Savage Inequalities
- Author: Jonathan Kozol
- Language: English and Spanish
- Subject: Education
- Genre: Sociological
- Publisher: Harper Perennial
- Publication date: 1991
- Publication place: United States of America
- Pages: 255
- ISBN: 0-06-097499-0
- OCLC: 25631711
- Dewey Decimal: 371.96/7 20
- LC Class: LC409 .K69 1992

= Savage Inequalities =

Book by Jonathan Kozol

Savage Inequalities: Children in America's Schools is a book written by Jonathan Kozol in 1991 that discusses the disparities in education between schools of different classes and races. It is based on his observations of various classrooms in the public school systems of East St. Louis, Chicago, New York City, Camden, Cincinnati, and Washington D.C. His observations take place in both schools with the lowest per capita spending on students and the highest, ranging from just over $3,000 in Camden, New Jersey to a maximum expenditure of up to $15,000 in Great Neck, Long Island.

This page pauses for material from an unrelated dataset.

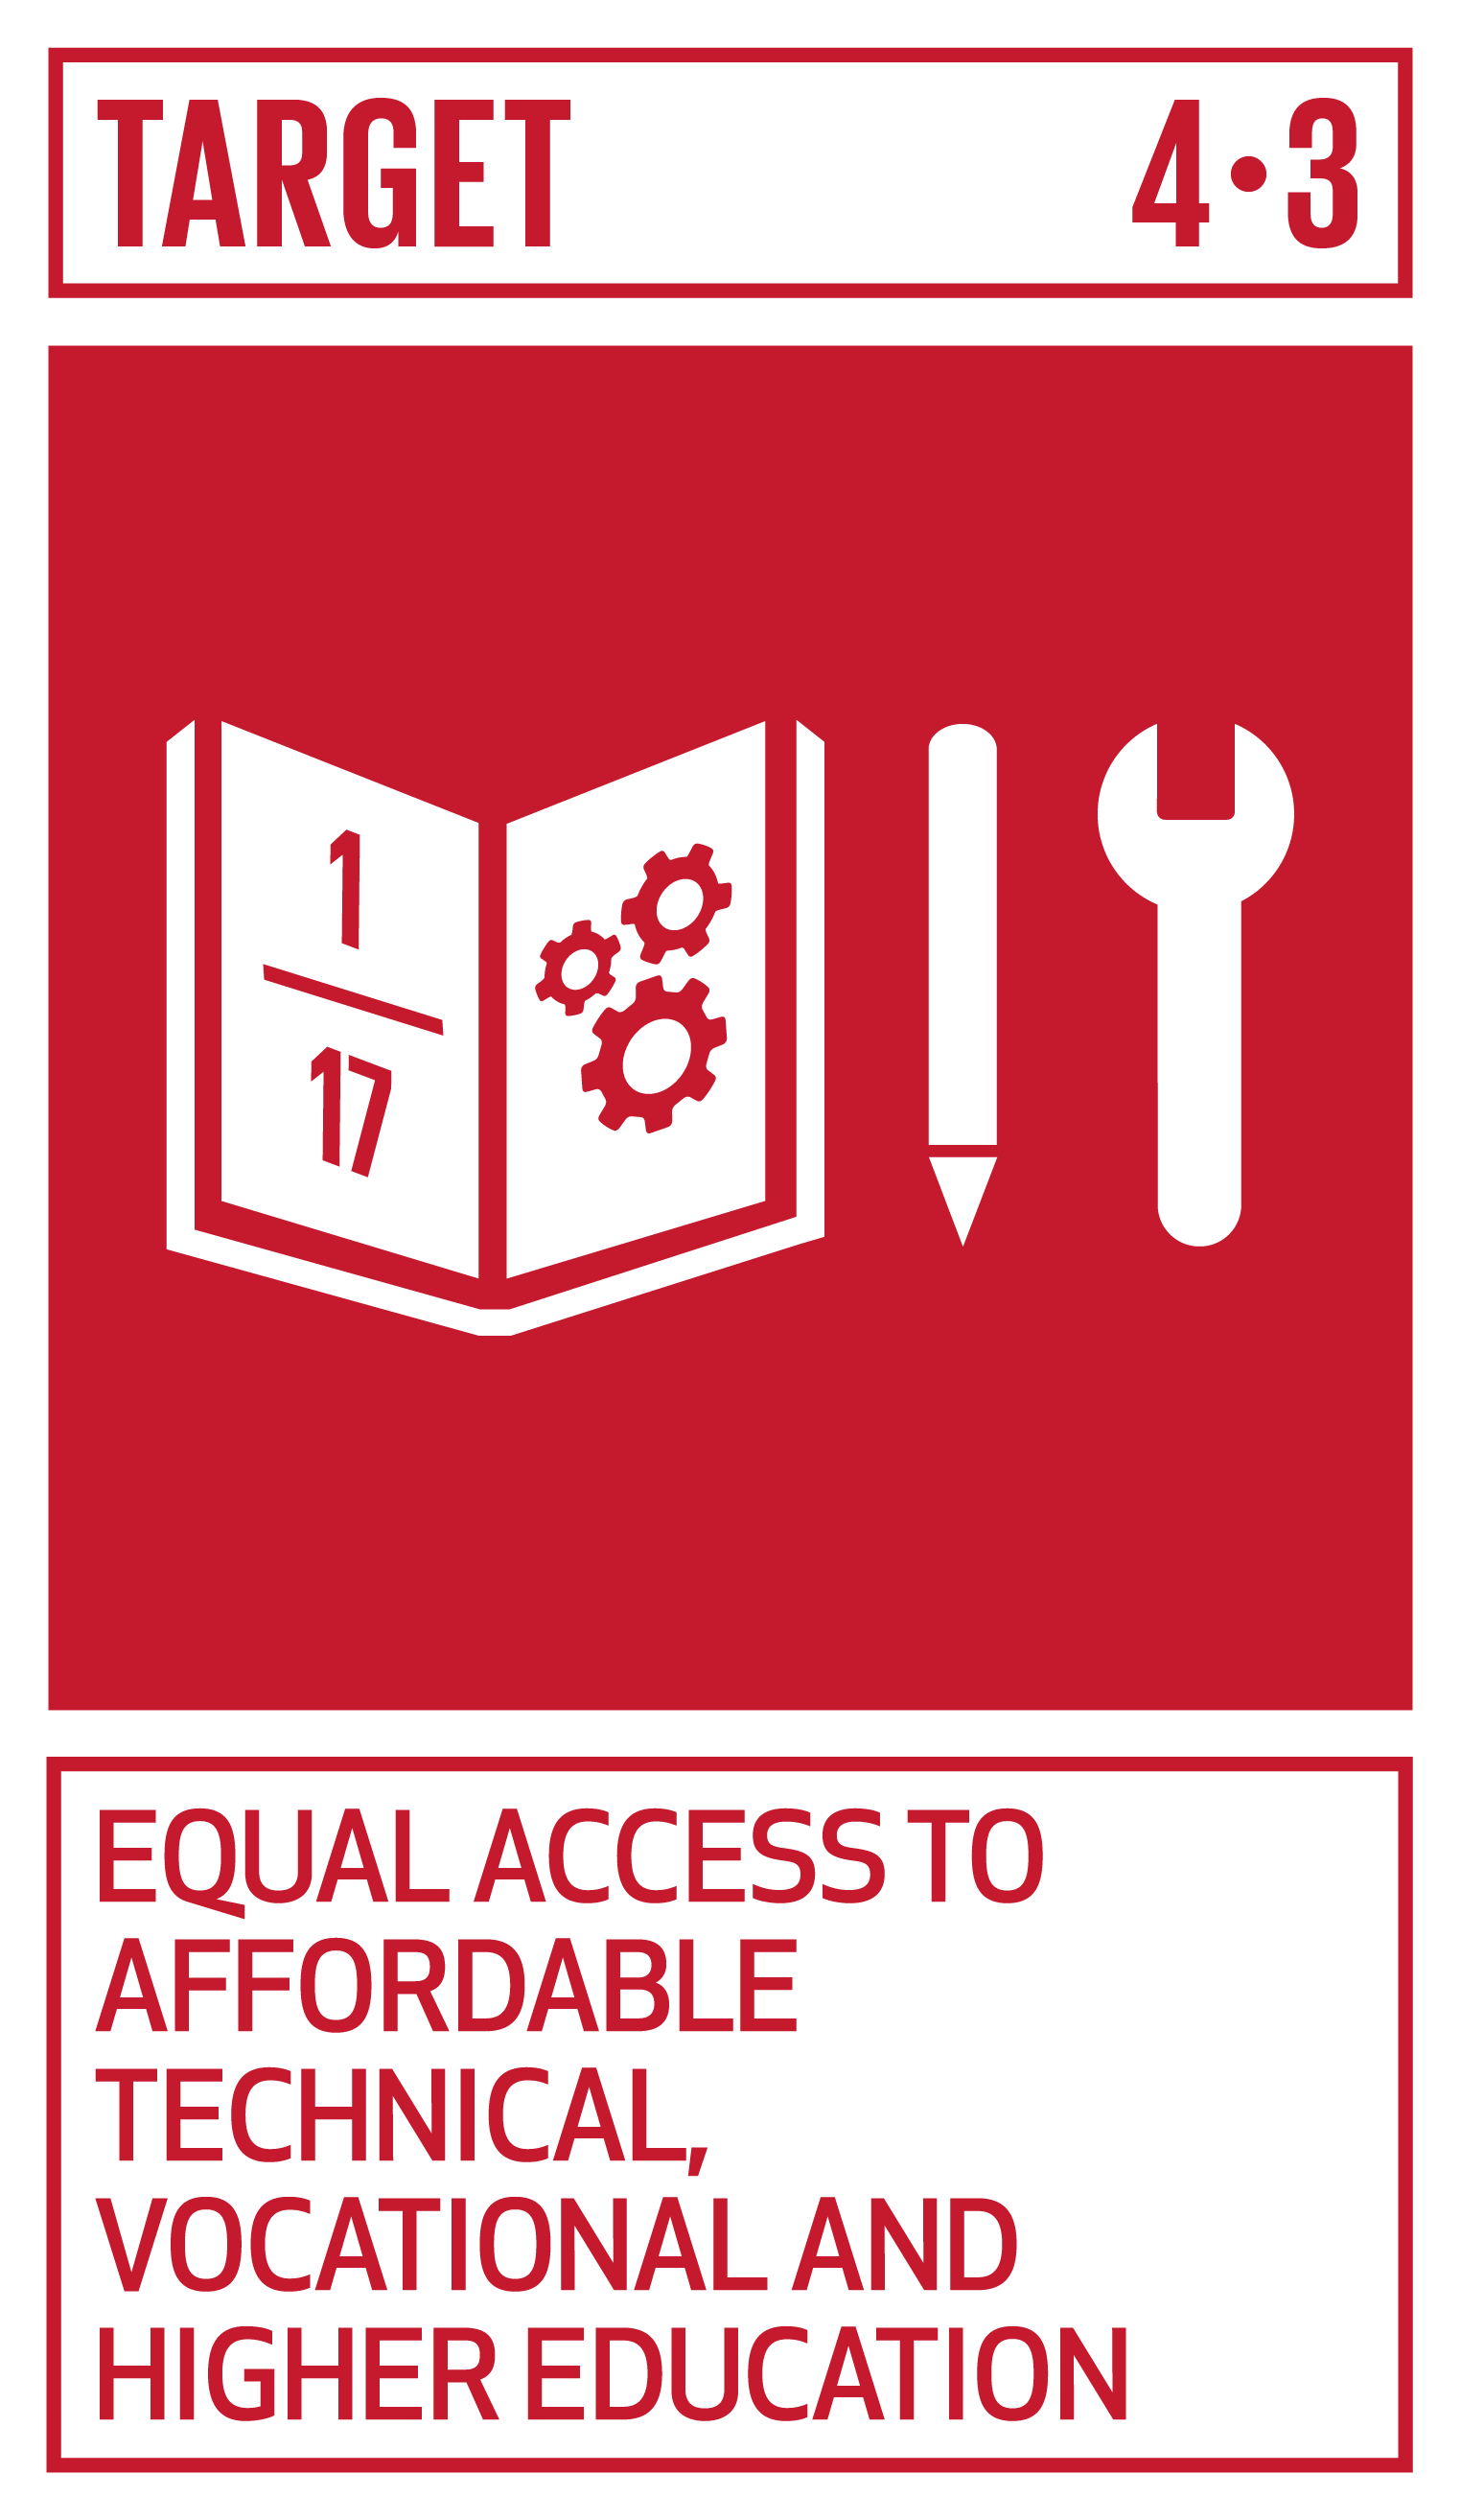 https://ocm.iccrom.org/sdgs/sdg-4-quality-education/sdg-43-equal-access-affordable-technical-vocational-and-higher

In his visits to these areas, Kozol illustrates the overcrowded, unsanitary and often understaffed environment that is lacking in basic tools and textbooks for teaching. He cites the large proportions of minorities in the areas with the lowest annual budgets, despite the higher taxation rate on individuals living in poverty within the school district.

Kozol cites various historical cases regarding lawsuits filed against school districts in East Orange, Camden, Irvington and Jersey City in which judges have sided with the children and concerned locals in a given district instead of adhering to state law concerning the taxation and distribution of funding. He additionally goes into detail comparing the current conditions poor, minority children are expected to learn in, and the findings of the historical case Brown v. Board of Education, and Plessy v. Ferguson.

He also mentions other such historical cases in which the outcomes have supported what he views to be an unjust system of funds distribution and taxation in Milliken v. Bradley, San Antonio Independent School District v. Rodriguez, and through the overturning of State Supreme Court decisions in both Michigan and Texas by the Supreme Court of the United States.

Kozol argues that racial segregation is still alive and well in the American educational system, due to the gross inequalities that result from unequal distribution of funds collected through both property taxes and funds distributed by the State in an attempt to "equalize" the expenditures of schools.

==Awards==
Savage Inequalities was a finalist for the 1992 National Book Critics Circle Award and received the New England Book Award for non-fiction.